_Exercise instructions_
Please keep the images out and set down the data exactly as given.

_Supplied information_
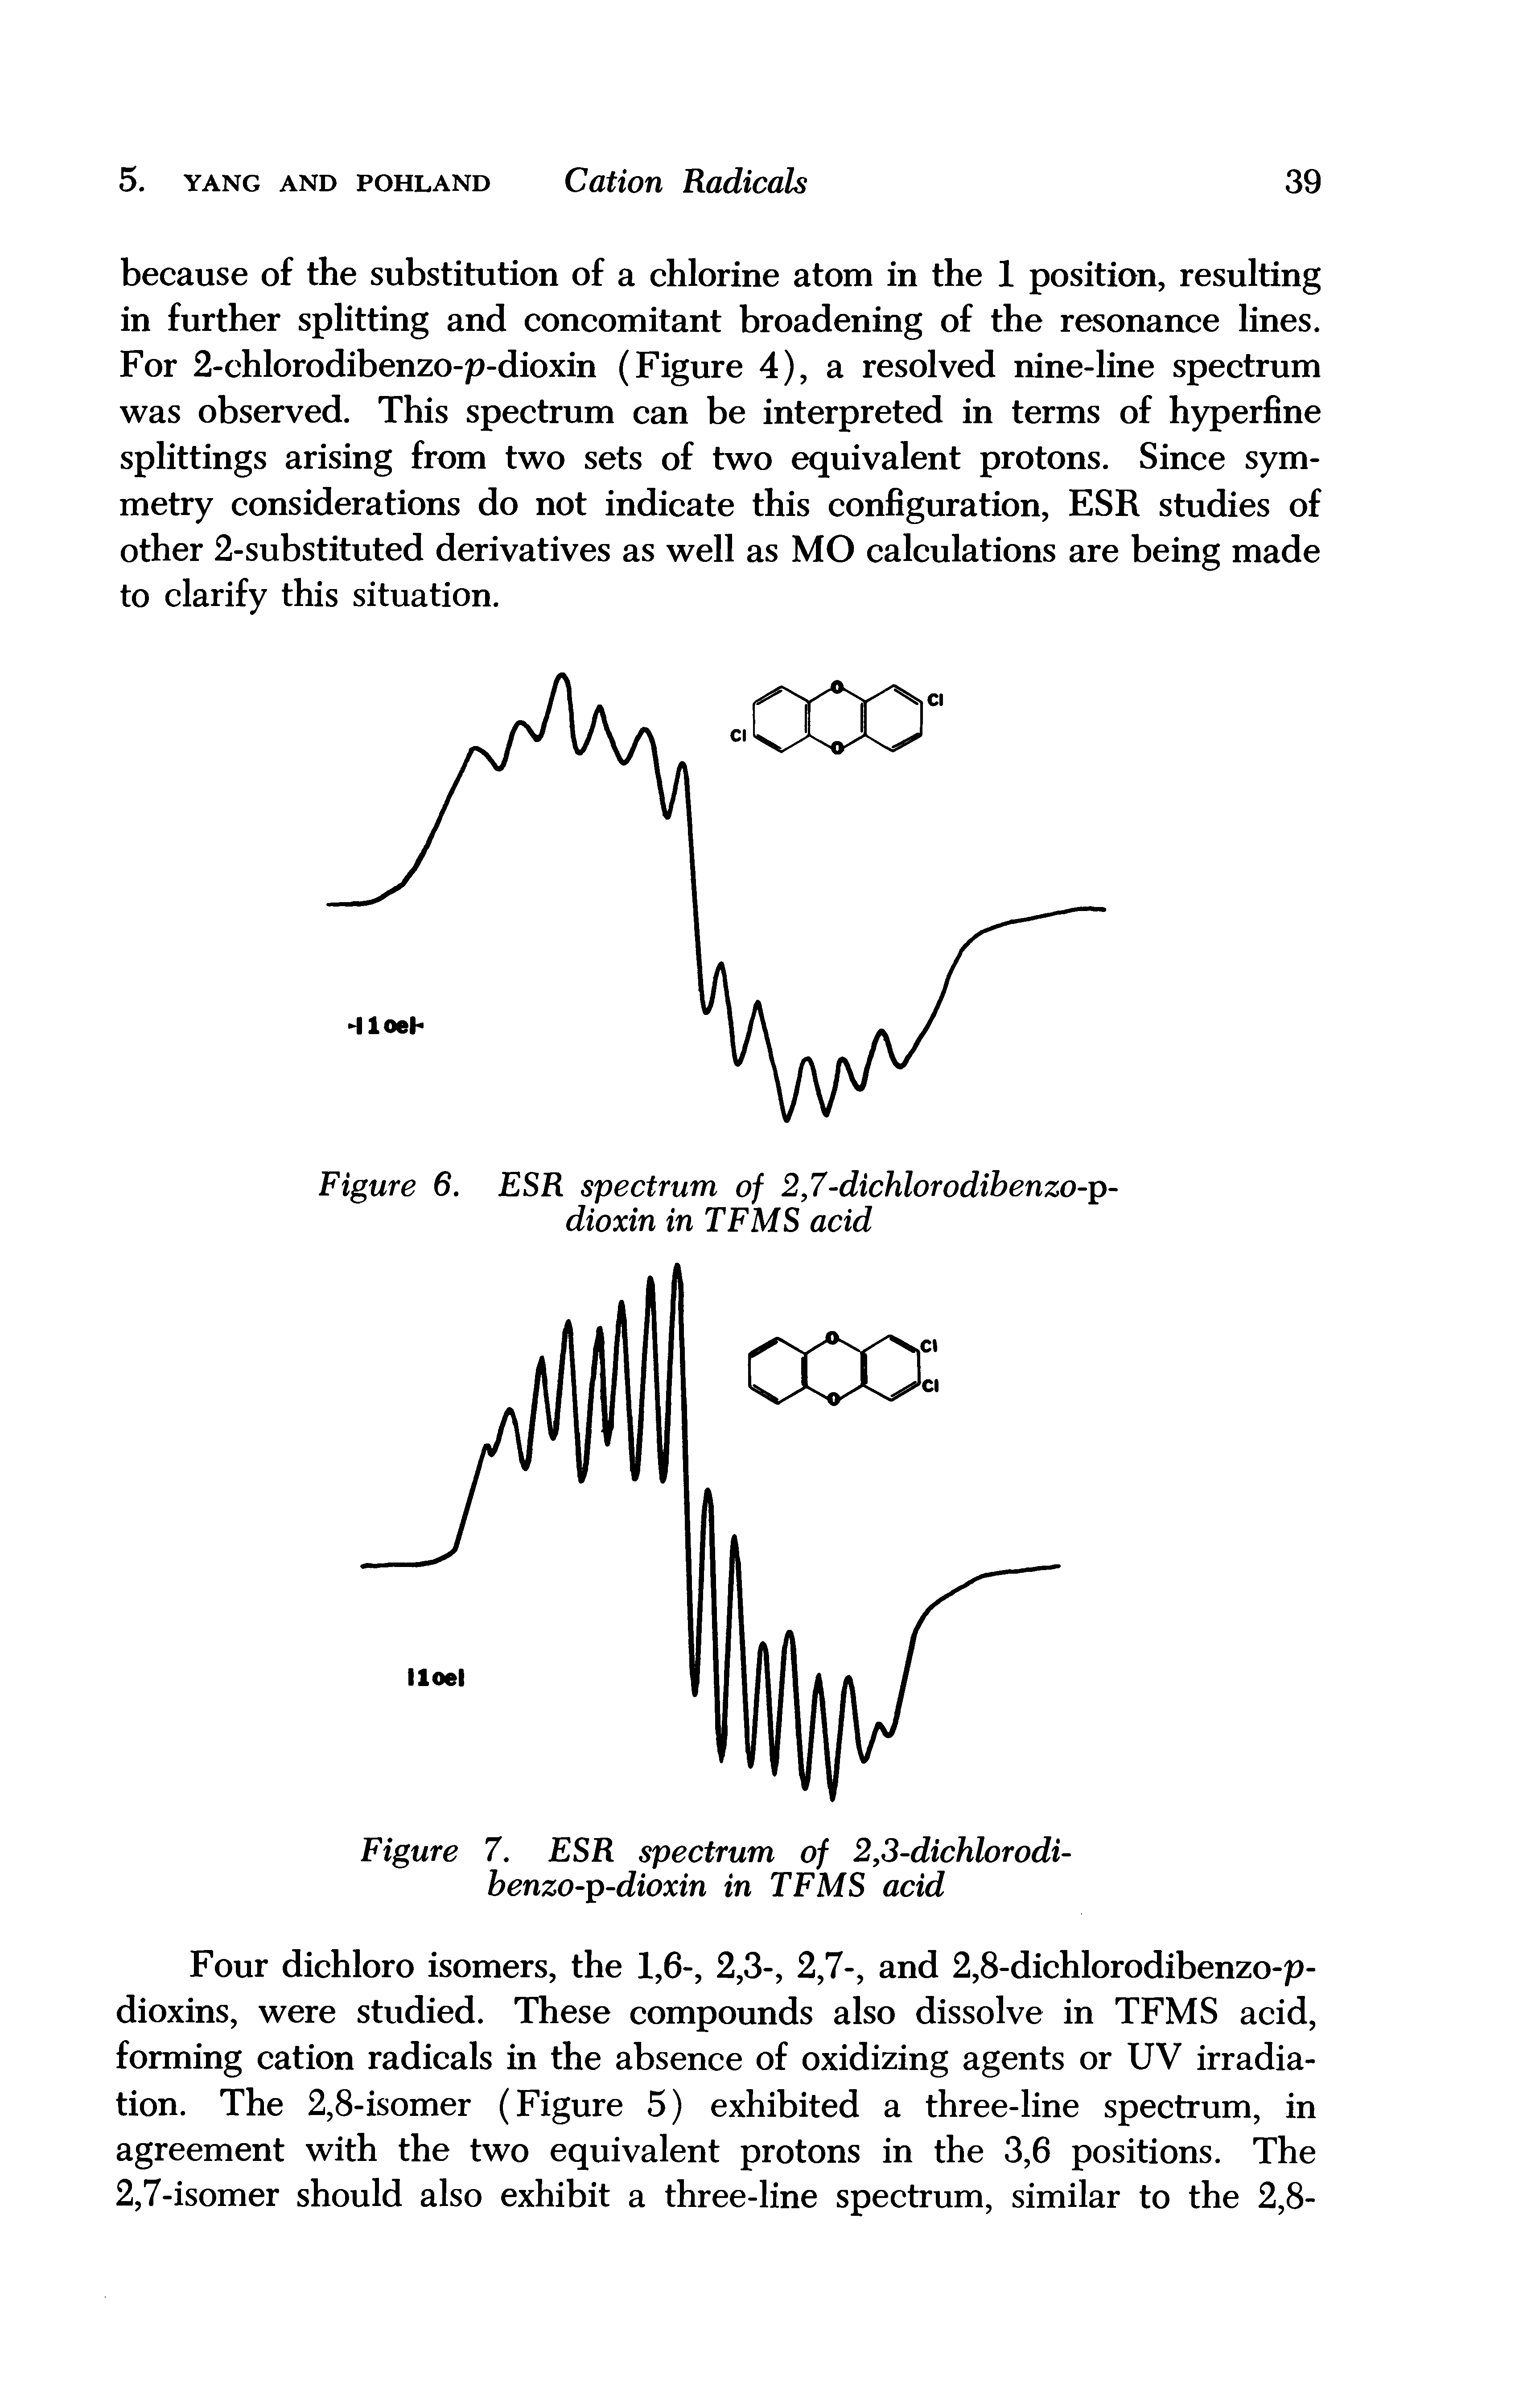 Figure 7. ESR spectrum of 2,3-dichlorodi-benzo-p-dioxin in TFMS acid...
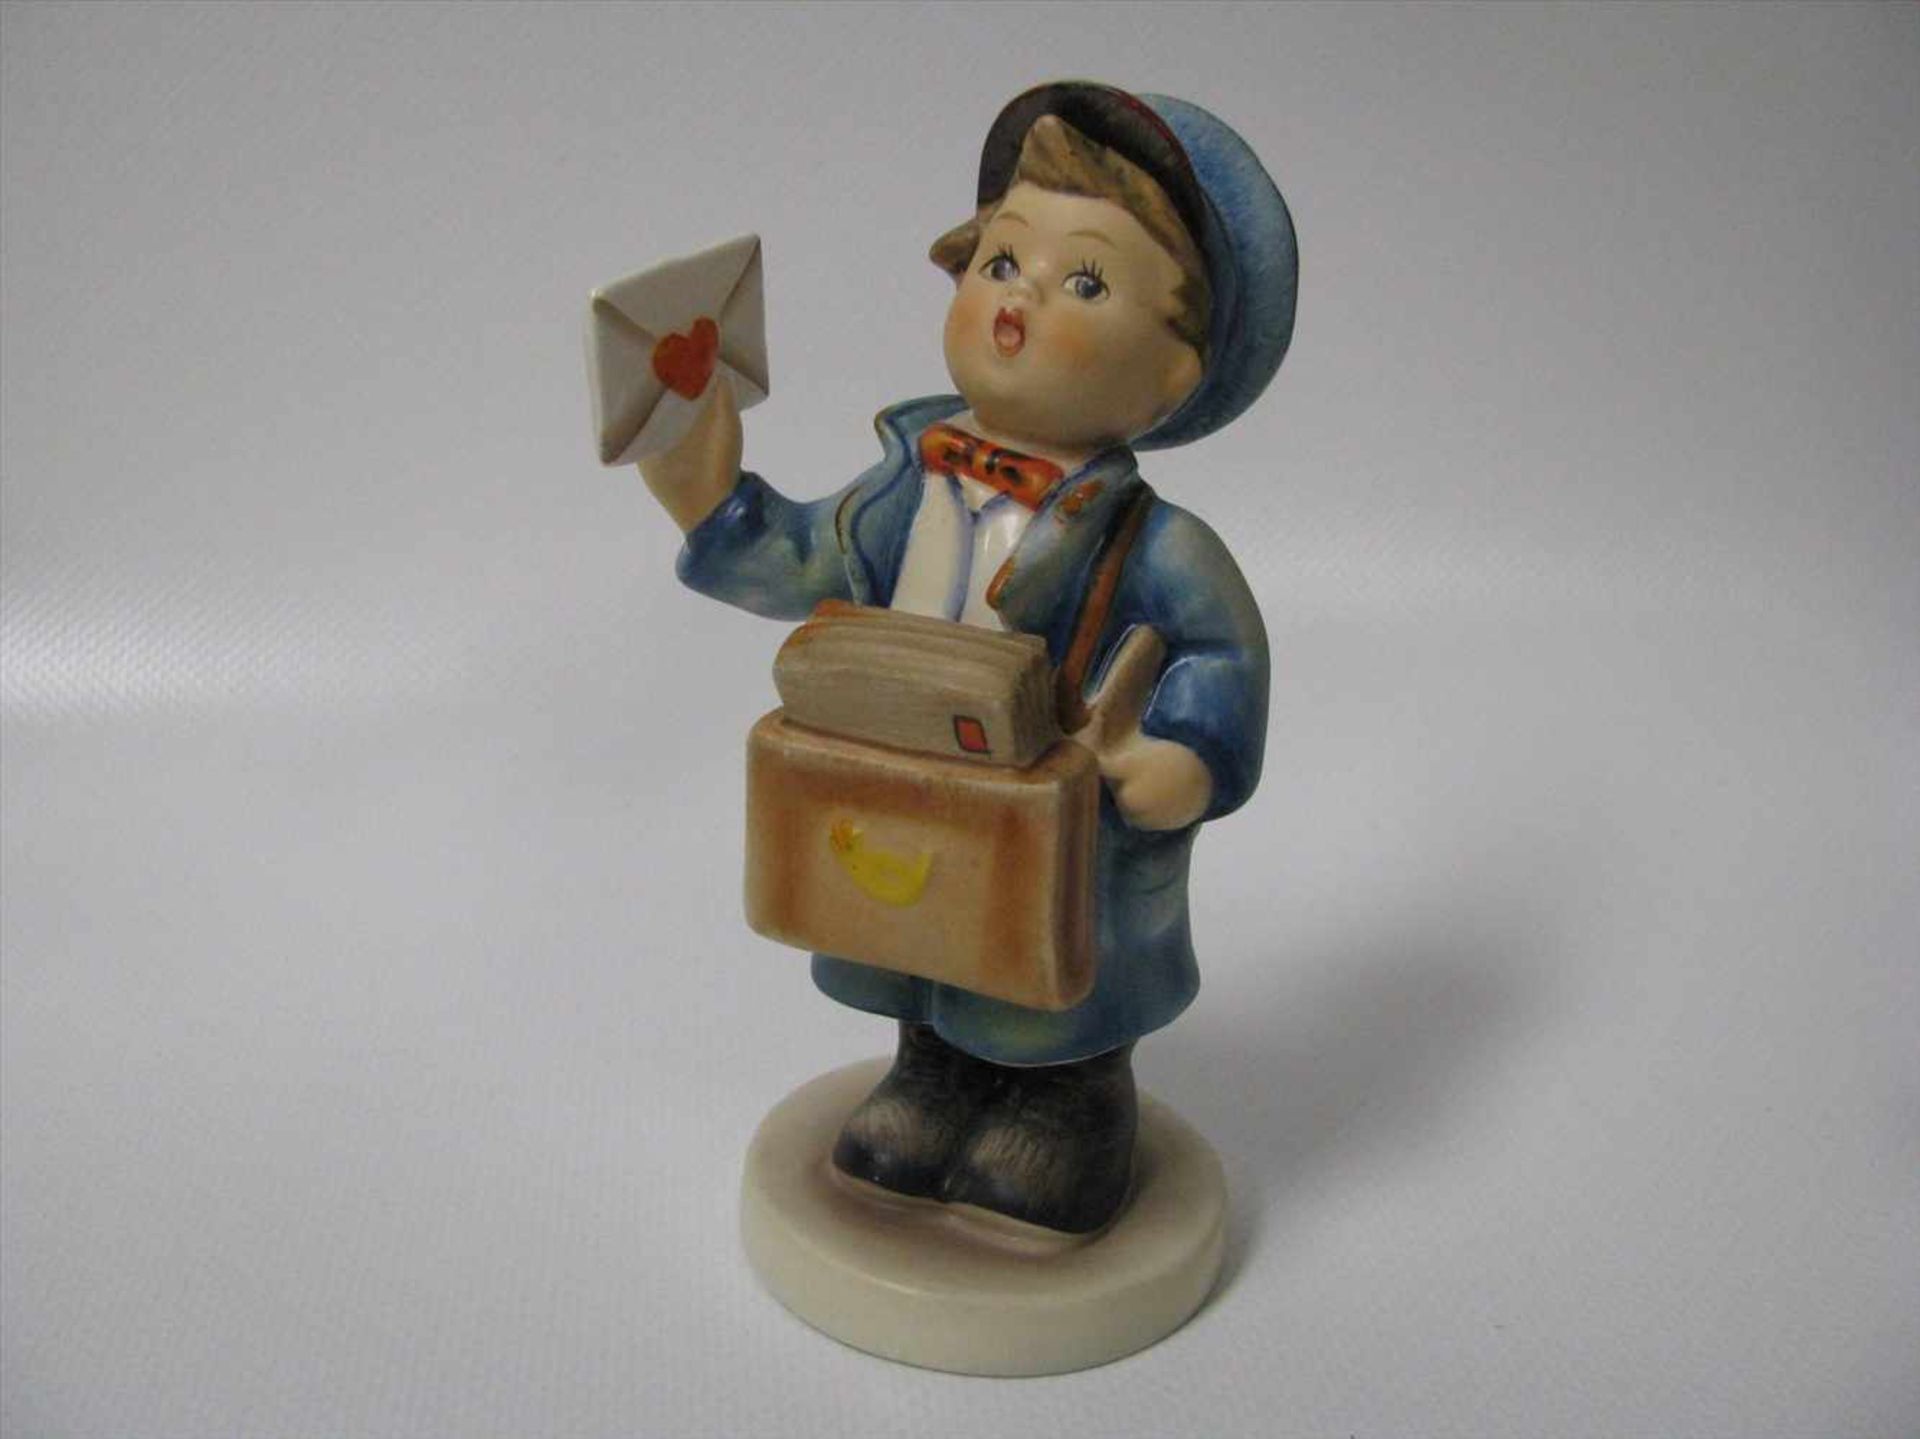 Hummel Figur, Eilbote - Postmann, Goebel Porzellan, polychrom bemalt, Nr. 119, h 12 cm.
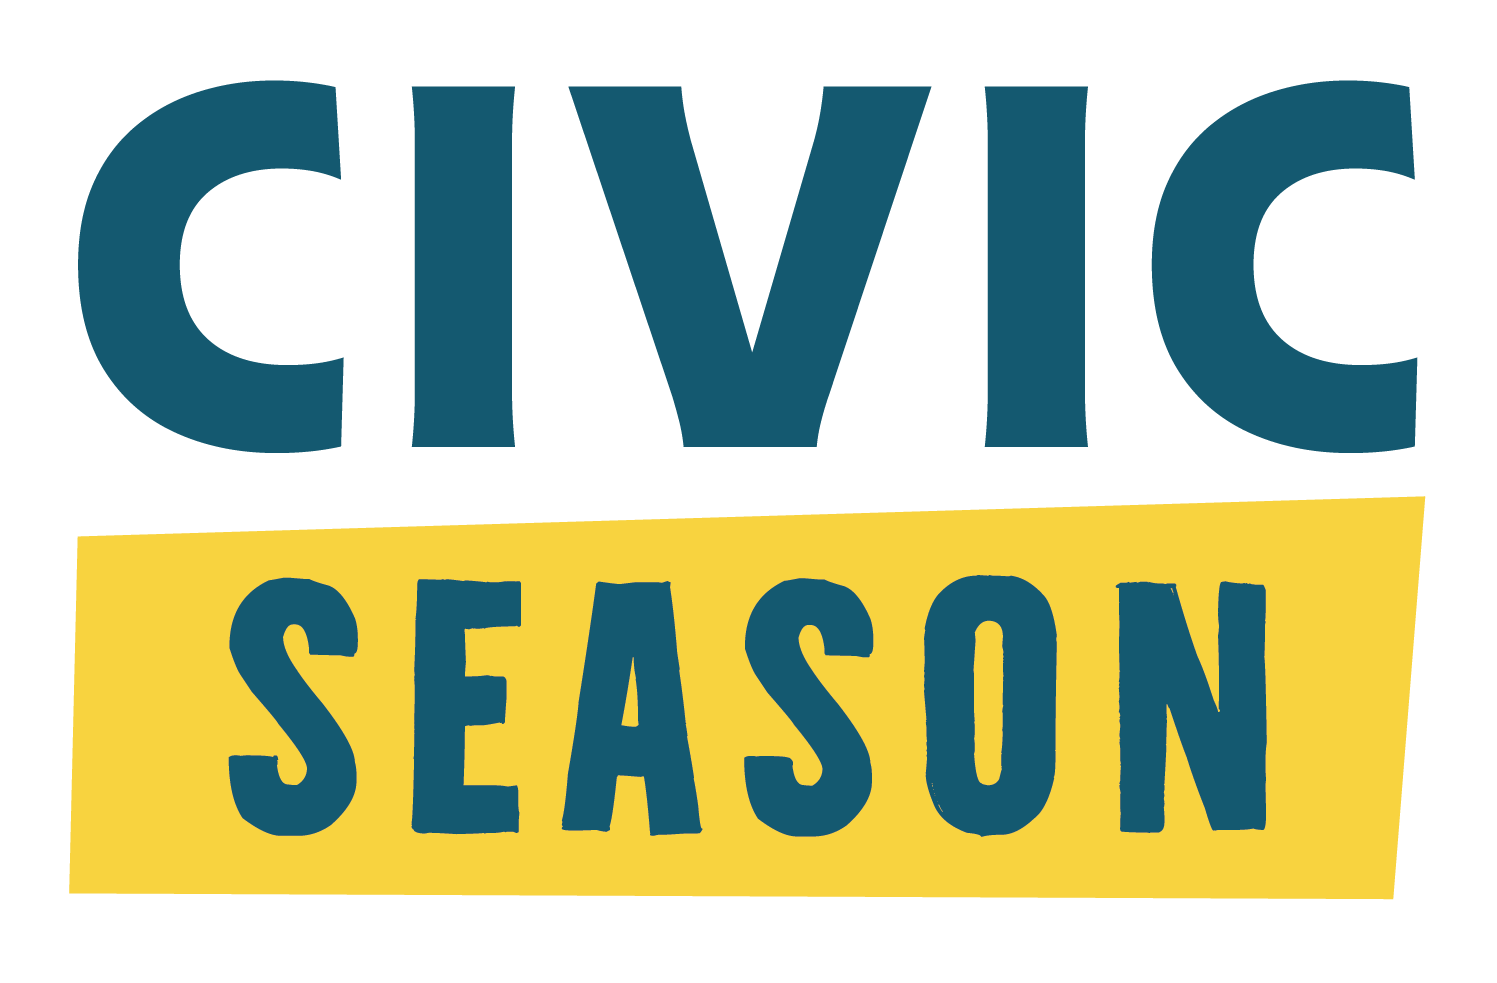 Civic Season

_Response box_
 Figure 7. ESR spectrum of 2,3-dichlorodi-benzo-p-dioxin in TFMS acid...
 Hummel Figur, Eilbote - Postmann, Goebel Porzellan, polychrom bemalt, Nr. 119, h 12 cm.
 Civic Season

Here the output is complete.